== Dataset section ==
============================================================
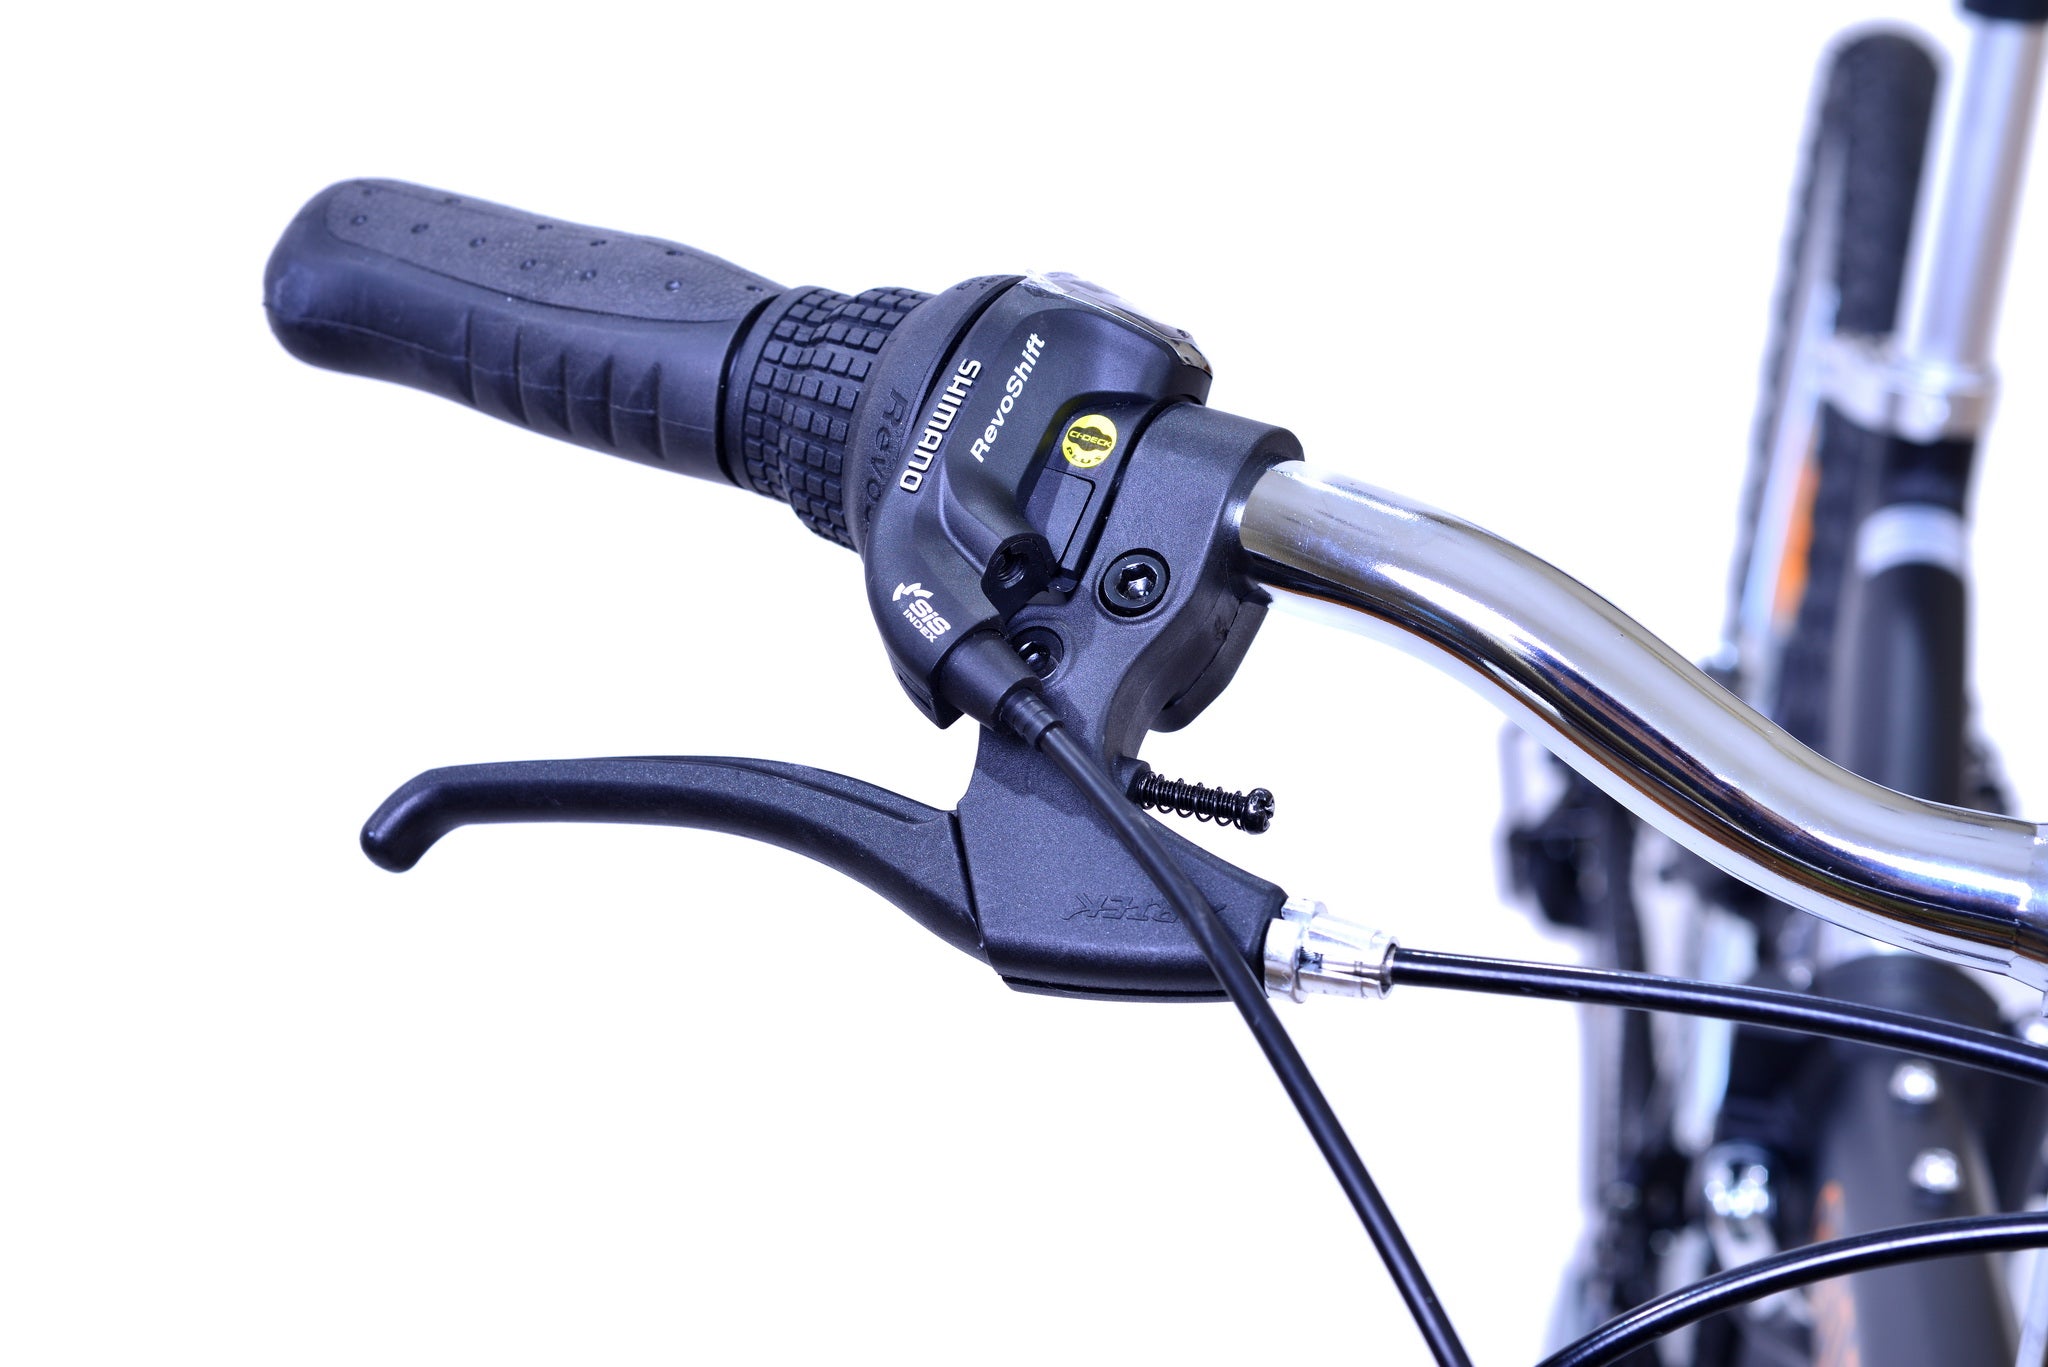 Right handlebar of a bike with a brake and Shimano gearshift, RevoShift.
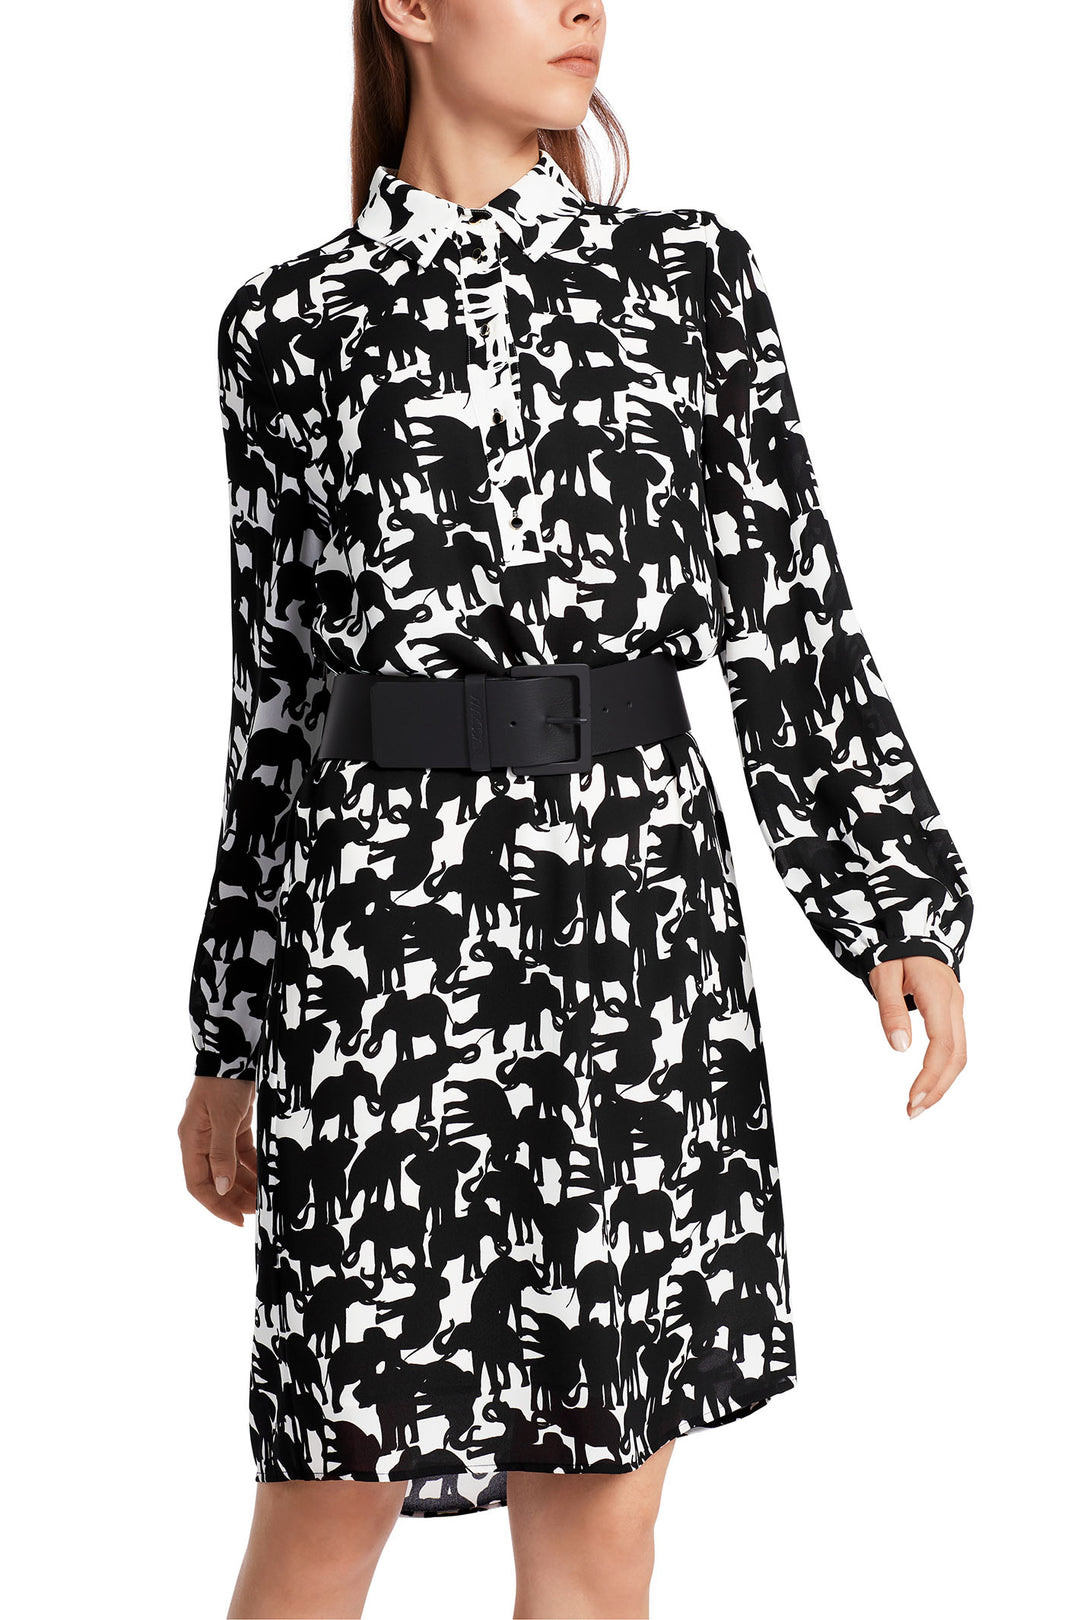 Marc Cain Collection WC 21.19 W13 910 Black White Elephant Print Dress - Olivia Grace Fashion
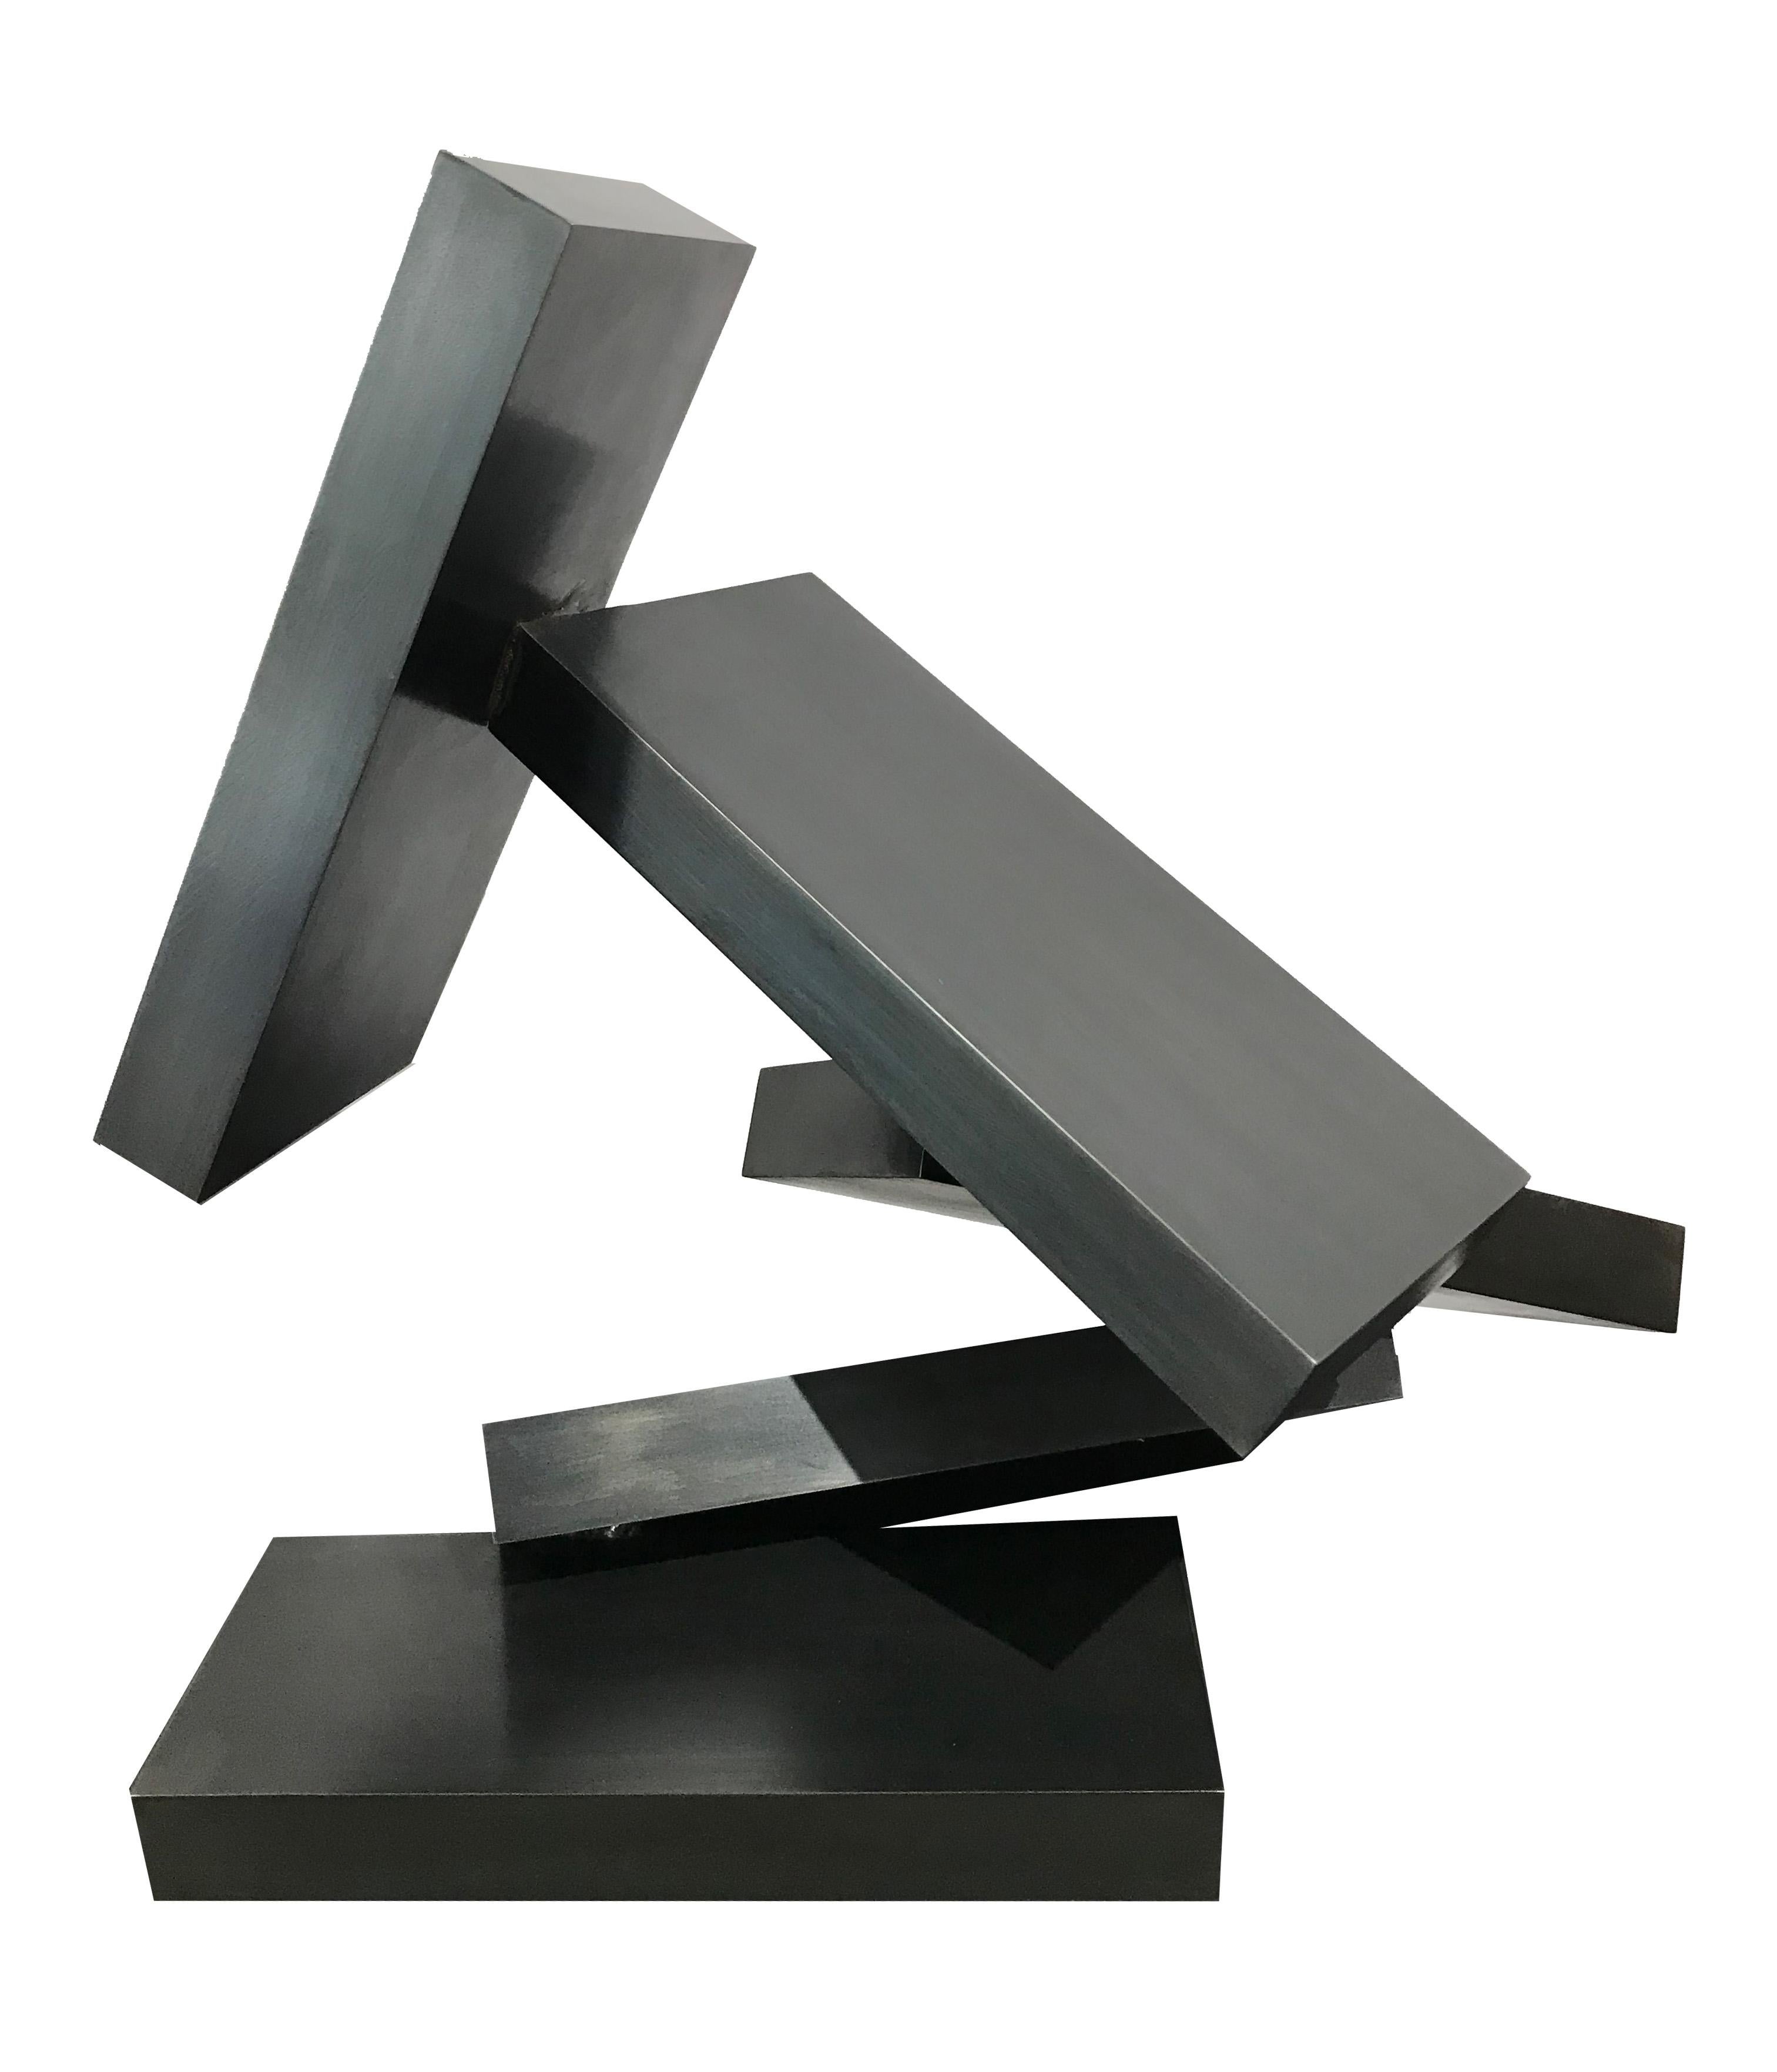 Abstract Sculpture Etienne Viard - 5 Plaques
============================================================
Your copy of the data above should match it exactly, apart from the images.

 Right handlebar of a bike with a brake and Shimano gearshift, RevoShift.
 Marc Cain Collection WC 21.19 W13 910 Black White Elephant Print Dress - Olivia Grace Fashion
 Abstract Sculpture Etienne Viard - 5 Plaques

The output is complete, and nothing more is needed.